Viver entre França e Brasil me proporcionou a experiência de ter duas casas, e conhecer os códigos sociais de cada uma delas.
Os dois países são calorosos — cada um à sua maneira — mas com regras implícitas muito diferentes.
E muitas vezes, o que parece frieza ou grosseria por parte dos franceses é, na verdade, apenas etiqueta cultural mal interpretada — nossos alunos que o digam, pois aprenderam as diferenças culturais e sempre foram super bem recebidos na França.
Se você também quer ter uma boa experiência por lá, este artigo é para você.
Vamos lá? Allons-y?

1. Cumprimentar é obrigatório na França
Começamos aqui com uma das grandes diferenças culturais entre Brasil e França.
No Brasil, podemos entrar em qualquer estabelecimento e já perguntar o que queremos.
Na França, não.
Antes de qualquer coisa, você diz:
- Bonjour (bom dia/boa tarde)
- Bonsoir (boa noite)
E só depois faz seu pedido.
Ignorar o cumprimento — não só em estabelecimentos, mas ao pedir informação na rua, por exemplo, e em qualquer outra situação na qual você vai abordar outra pessoa — pode soar como falta de educação, e muitos franceses são grossos quando a pessoa não fala “bonjour” ou “bonsoir”.
O cumprimento não é opcional. Ele é parte da etiqueta social.

2. As “palavrinhas mágicas” importam muito
No Brasil usamos “por favor” e “obrigado”, mas muitas vezes de forma mais flexível.
Na França, essas expressões são indispensáveis:
- S’il vous plaît — por favor
- Merci — obrigado / obrigada
- Excusez-moi — com licença
Usar essas palavras muda completamente o tom da conversa.
3. Franceses são grosseiros? Ou seguimos outra etiqueta?
É muito comum ouvir brasileiros dizendo que os franceses são frios, mal educados e até grossos.
Eu não vou mentir: há os que são, sim.
Porém, para nós, turistas brasileiros na França, o que acontece muitas vezes são mal entendidos.
No Brasil:
- Falamos alto
- Tocamos nas pessoas
- Somos expansivos
- Criamos intimidade rápido
Na França:
- O tom de voz é mais baixo
- A proximidade física é menor
- A formalidade inicial é maior
- A intimidade leva tempo
Se você entra falando alto, sem cumprimentar, pedindo algo diretamente — o francês pode reagir de forma seca e até grosseira, já que eles não são de “levar desaforo para casa”.
Mas se você entende a etiqueta e segue o protocolo social, a experiência muda completamente.
Quando o código é respeitado, os franceses são extremamente gentis e educados.
4. Restaurantes: o tom de voz importa

Essa diferença é muito visível.
No Brasil:
- Restaurantes são barulhentos
- Conversas animadas
- Riso alto é normal
Na França:
- Fala-se baixo
- Conversa-se de forma mais contida
- O ambiente é mais silencioso
Sim, falar muito alto no restaurante na França pode ser percebido como falta de educação.
E isso não tem a ver com simpatia — tem a ver com cultura.
5. Ritmo de vida
Este é um traço cultural que eu amo nos franceses. Eles valorizam:
- pausa para café
- tempo de qualidade à mesa (um almoço de fim de semana pode durar horas)
- férias mais longas e ciclos de descanso
Já no Brasil, valorizamos:
- interação social intensa
- clima vibrante
Isso se reflete no vocabulário e na forma de falar sobre o dia a dia.

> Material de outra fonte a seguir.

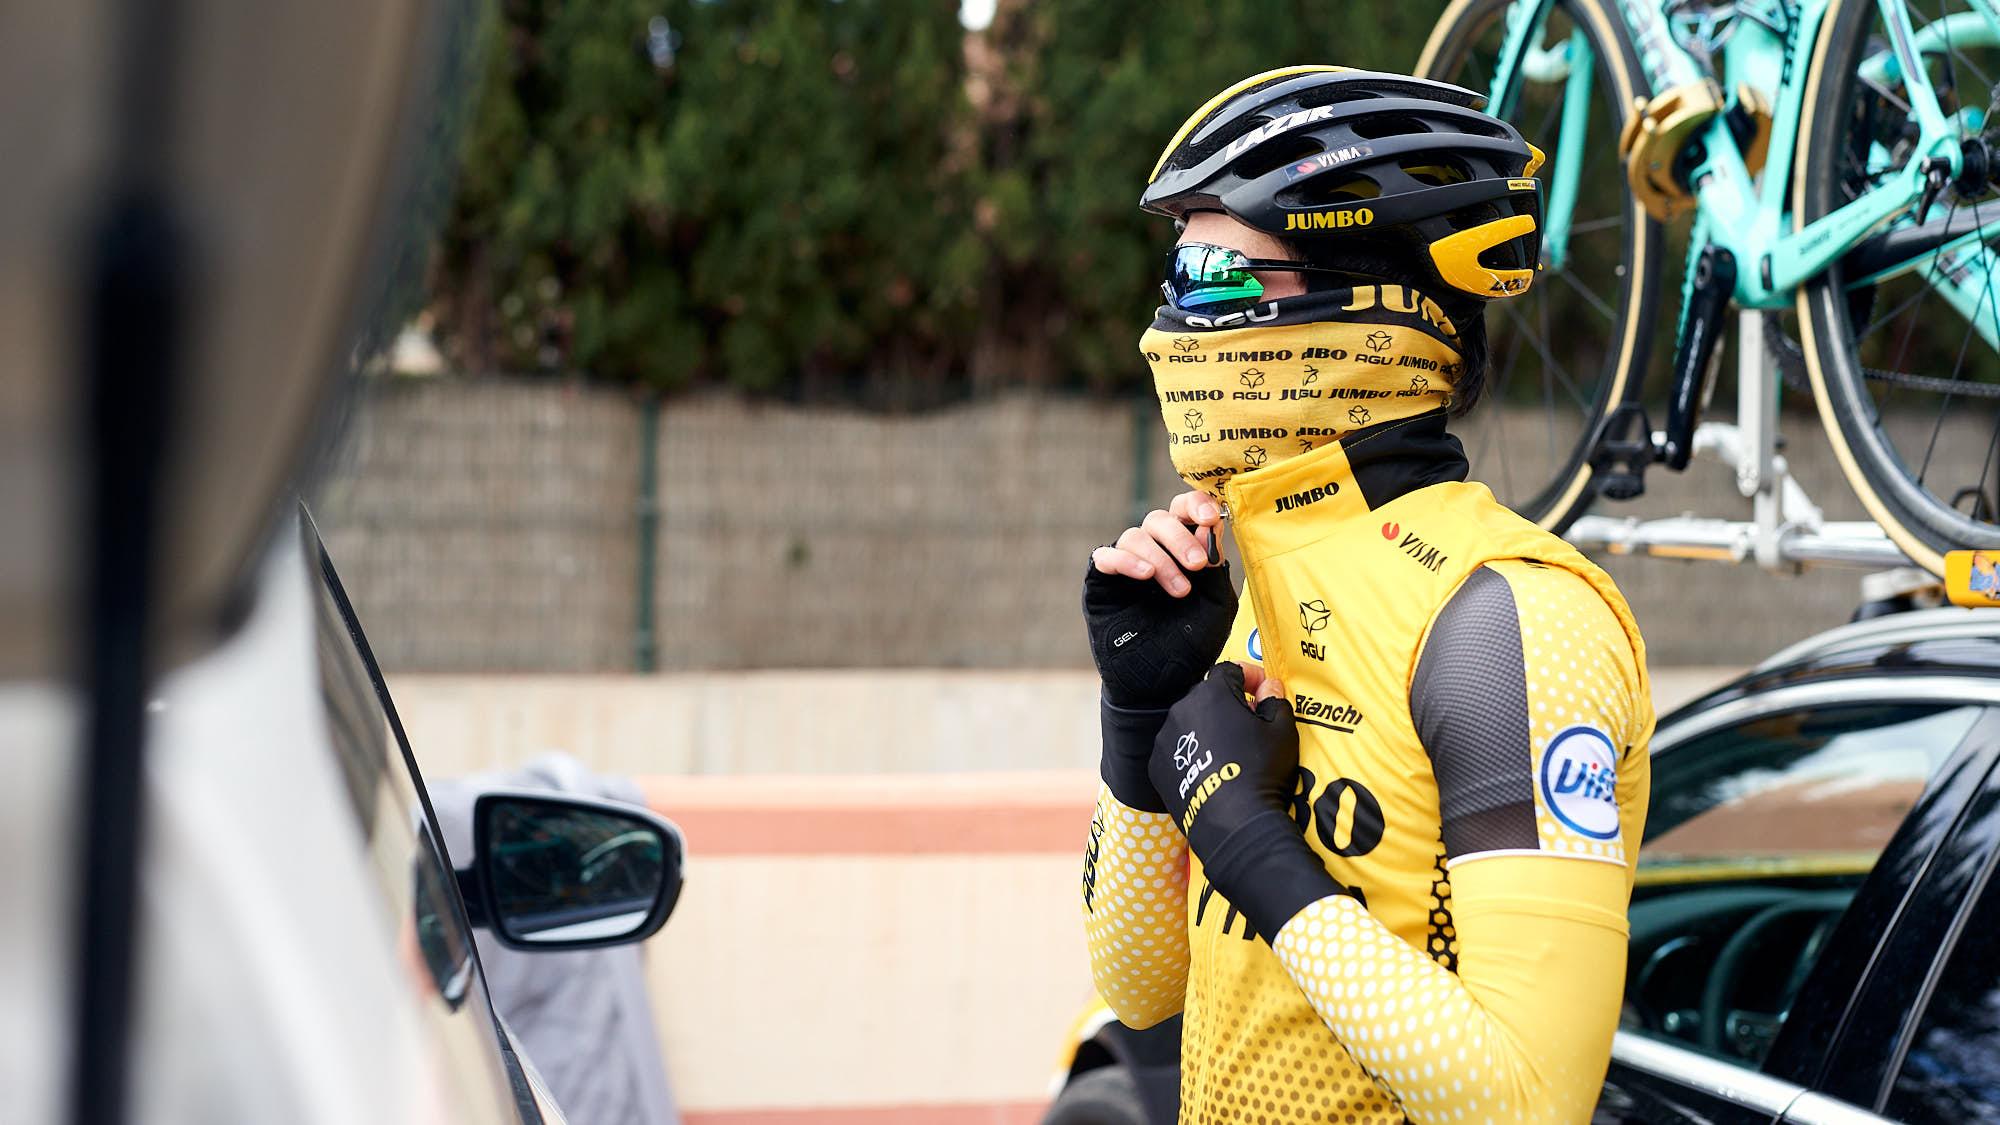 Jumbo-Visma cyclist Primoz Roglic getting dressed

6. Formalidade x informalidade
Esta é, sem dúvida, uma das principais diferenças culturais entre Brasil e França.
No Brasil, criamos proximidade rapidamente com as pessoas. A barreira da formalidade — que impõem, sim, uma certa distância entre as pessoas — não é tão alta como na França.
Lá, se você não conhece a pessoa, deve usar o “vous” com ela.
Seria como “o senhor” ou “a senhora/senhorita” no português. É formal.
Expressões como “s’il vous plaît” (por favor), “allez-y, madame” (pode passar, senhora), “excusez-moi” (desculpe), estão todas no “vous”.
Na França, usa-se o “tu” somente quando você conhece a pessoa — é amigo ou familiar.
Portanto, jamais use o “tu” com um francês em um contexto de viagem. Ele não te conhece e vai estranhar — mas, claro, também vai perceber que você é turista. 😂
7. Cultura influencia a língua
Muitas palavras francesas refletem valores culturais:
- terroir — ligação profunda com o território
- savoir-vivre — saber viver
- raison d’être — razão de existir
- joie de vivre — alegria de viver
- bon vivant — pessoa que aprecia os prazeres da vida
Aprender essas palavras é aprender a forma francesa de ver o mundo.
Quando você entende o código cultural, a comunicação muda.
E o que antes parecia frieza, vira elegância e acolhimento.